FDA ready to collect samples for DNA testing

The U.S. Food and Drug Administration is expected to pull close to 100 seafood samples from warehouses and distribution centers nationwide over the next few months, putting into practice a DNA-testing pilot program intended to minimize species substitution, mislabeling and other forms of seafood fraud, the National Fisheries Institute (NFI) reported in an e-mail alert on Thursday.

According to the FDA Office of Regulatory Science, nine labs are now set up to sequence seafood samples and determine if they are labeled accurately. This pilot program, which involves creating a DNA seafood library at the Smithsonian Natural History Museum, has been in the works for months.

“This is the type of effort we’ve wanted to see for a long time,” said Lisa Weddig, secretary of the Better Seafood Board (BSB). “When FDA is out there testing and enforcing the law, it makes fraud a lot harder to perpetrate. Whether it’s on a menu or bill of sale seafood needs be labeled properly, and operations that don’t take that seriously should be on notice; a new commitment and a new database are in the market now.

“Recommitted regulators armed with DNA testing will be able to cut through the finger pointing and buck passing and hopefully have an impact on the type of fraud we’ve heard so much about in the past few weeks,” added Weddig.
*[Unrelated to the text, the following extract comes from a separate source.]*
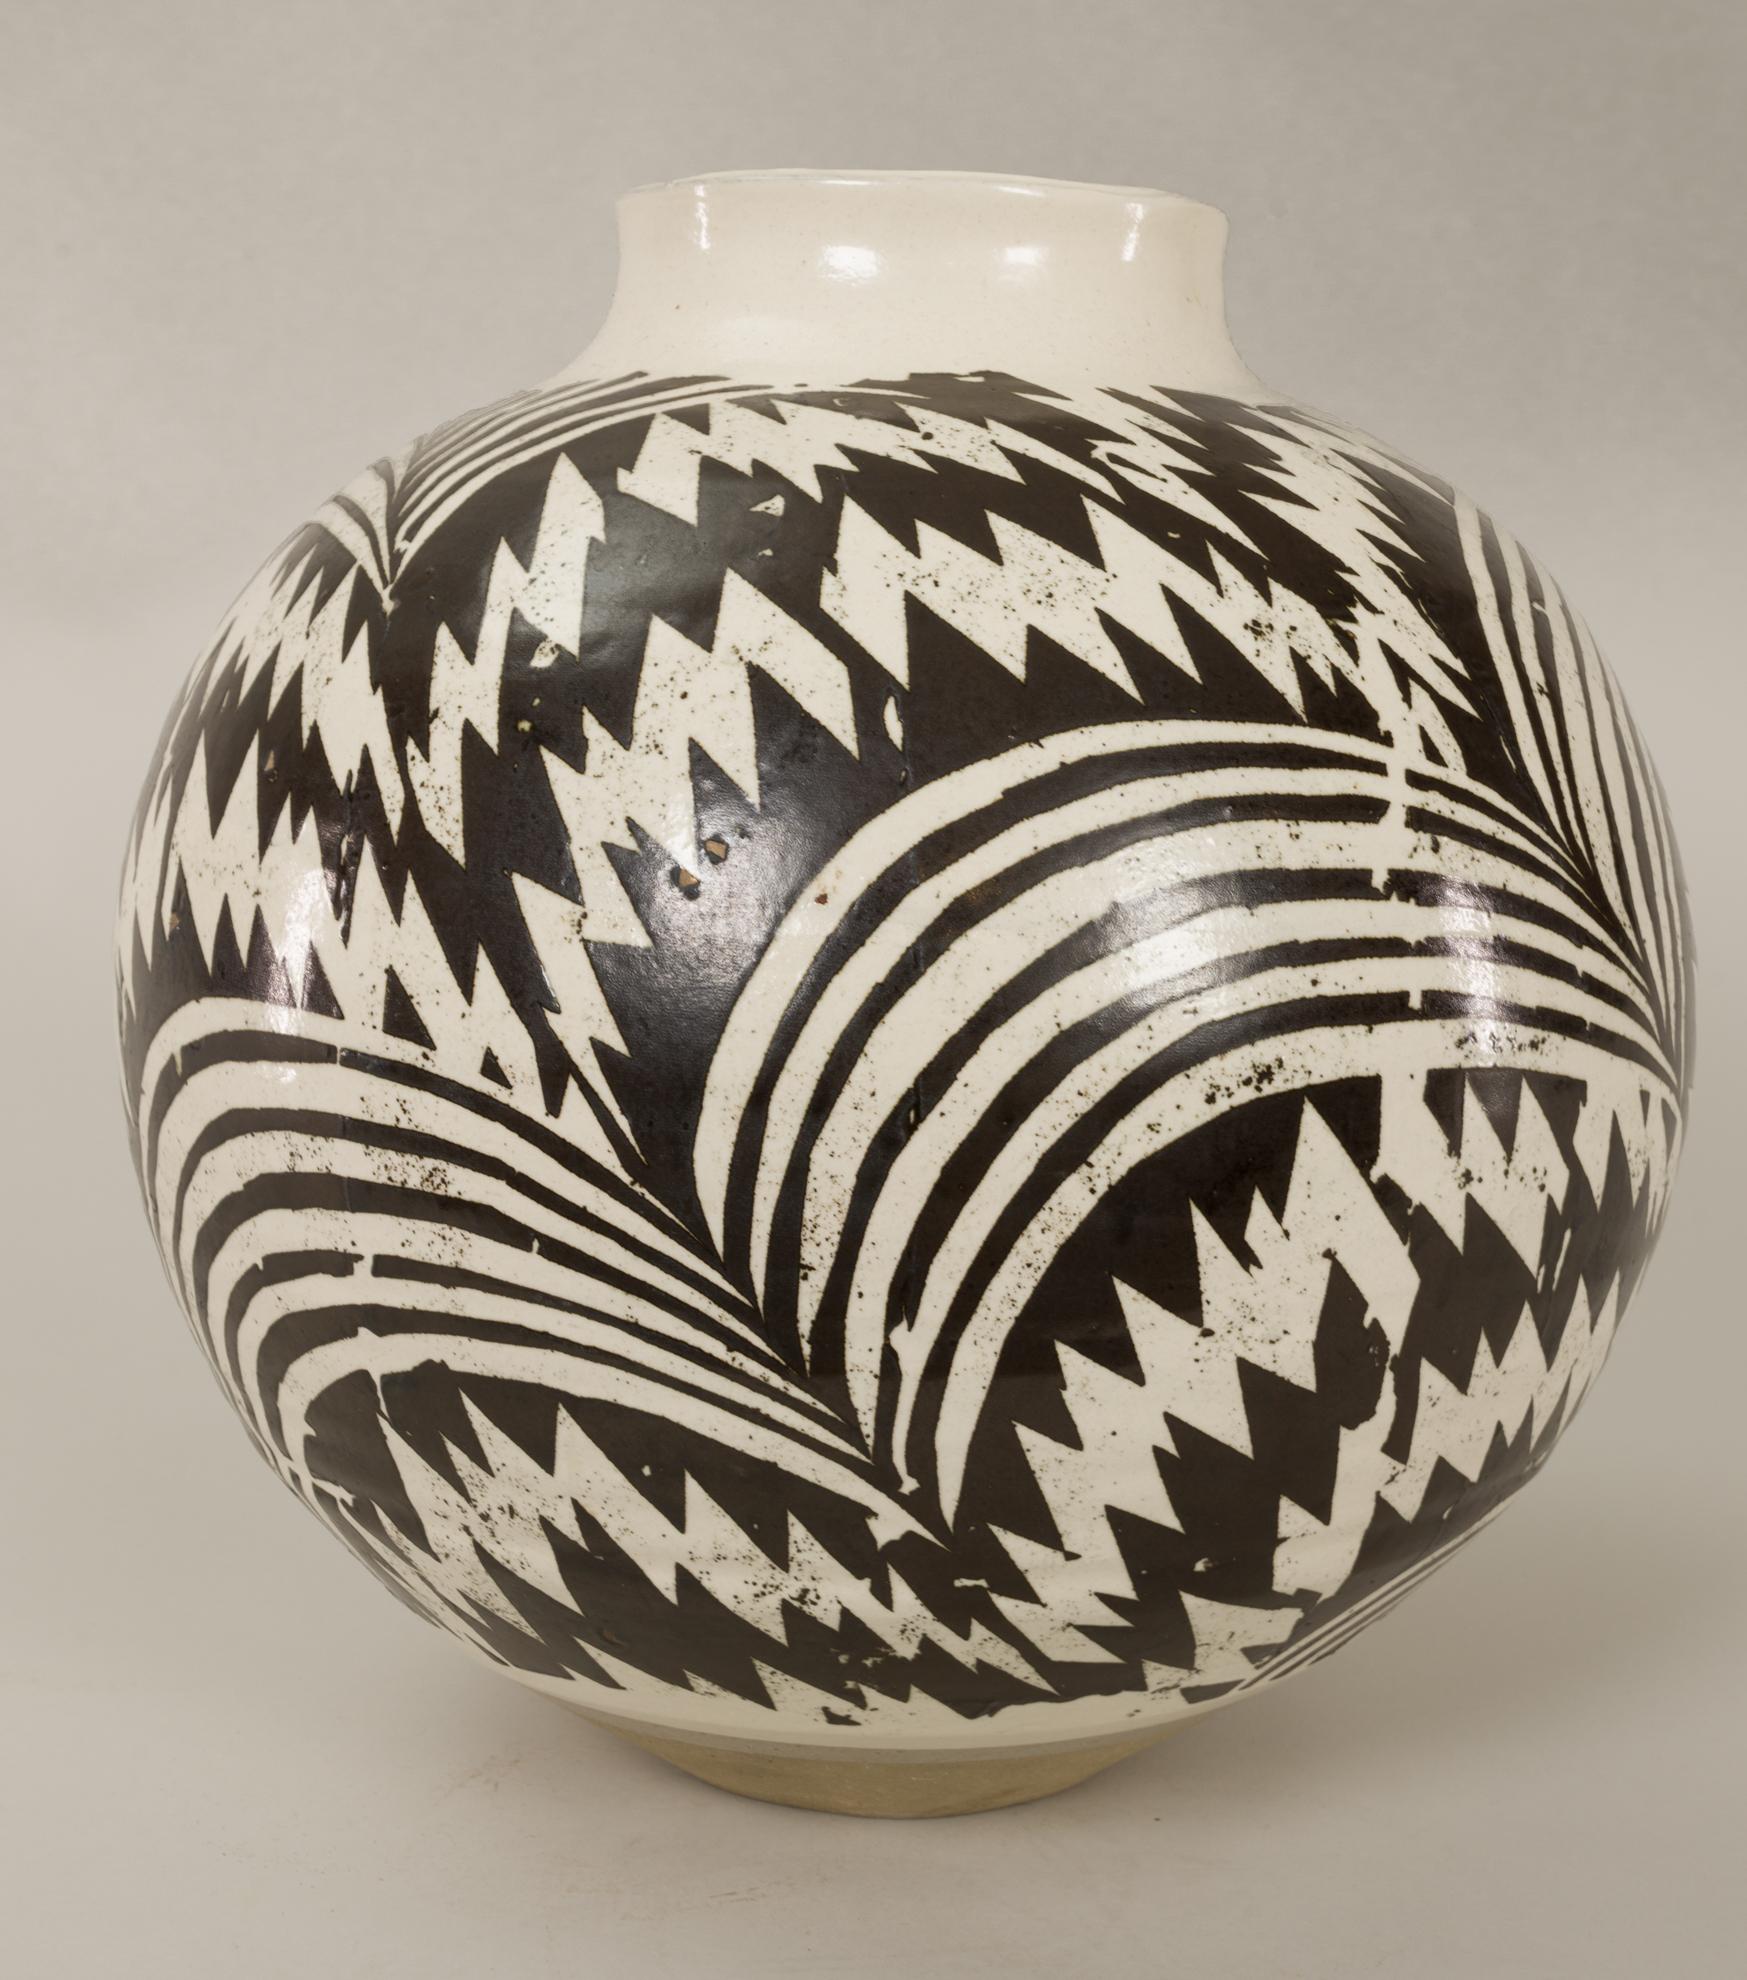 Japanese art, Japanese antique, Japanese ceramic, Japanese vase, modern Japanese vase, modern Japanese art
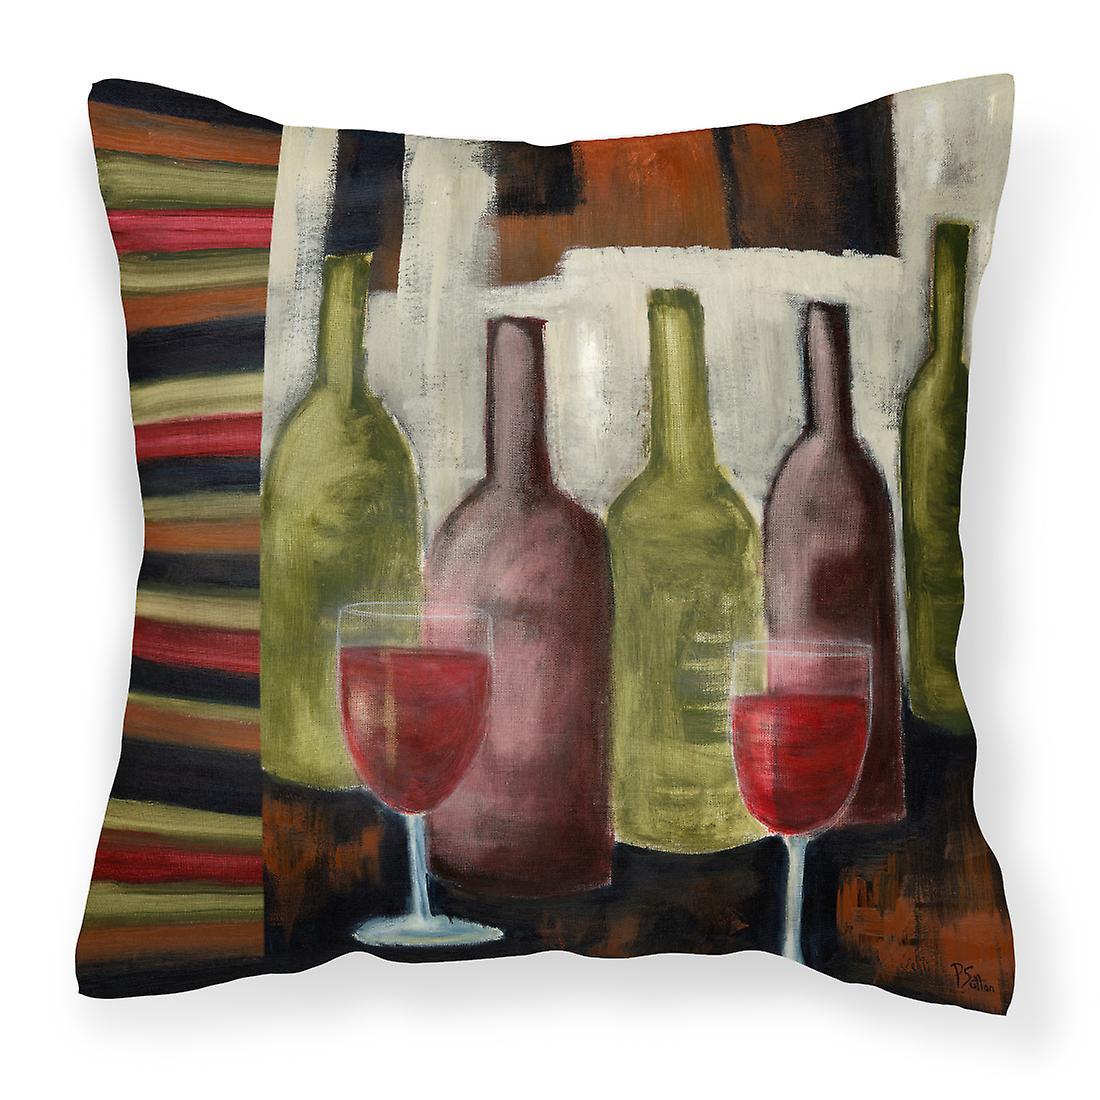 Vin Sutton Petrina De Décoratif Oreiller Rouge Toile DI2WEYH9

All NFI members are also BSB members.

There’s been a lot of media attention on seafood fraud in the past two weeks thanks to investigations, including ones by the Boston Globe, Oceana and Consumer Reports, in which dozens of seafood samples were collected from local restaurants and supermarkets and a significant percentage of the samples were found to be mislabeled. 

Just this week, U.S. Reps. Barney Frank and Edward Markey, both of Massachusetts, called on the Federal Trade Commission to step up its involvement in protecting consumers from seafood fraud.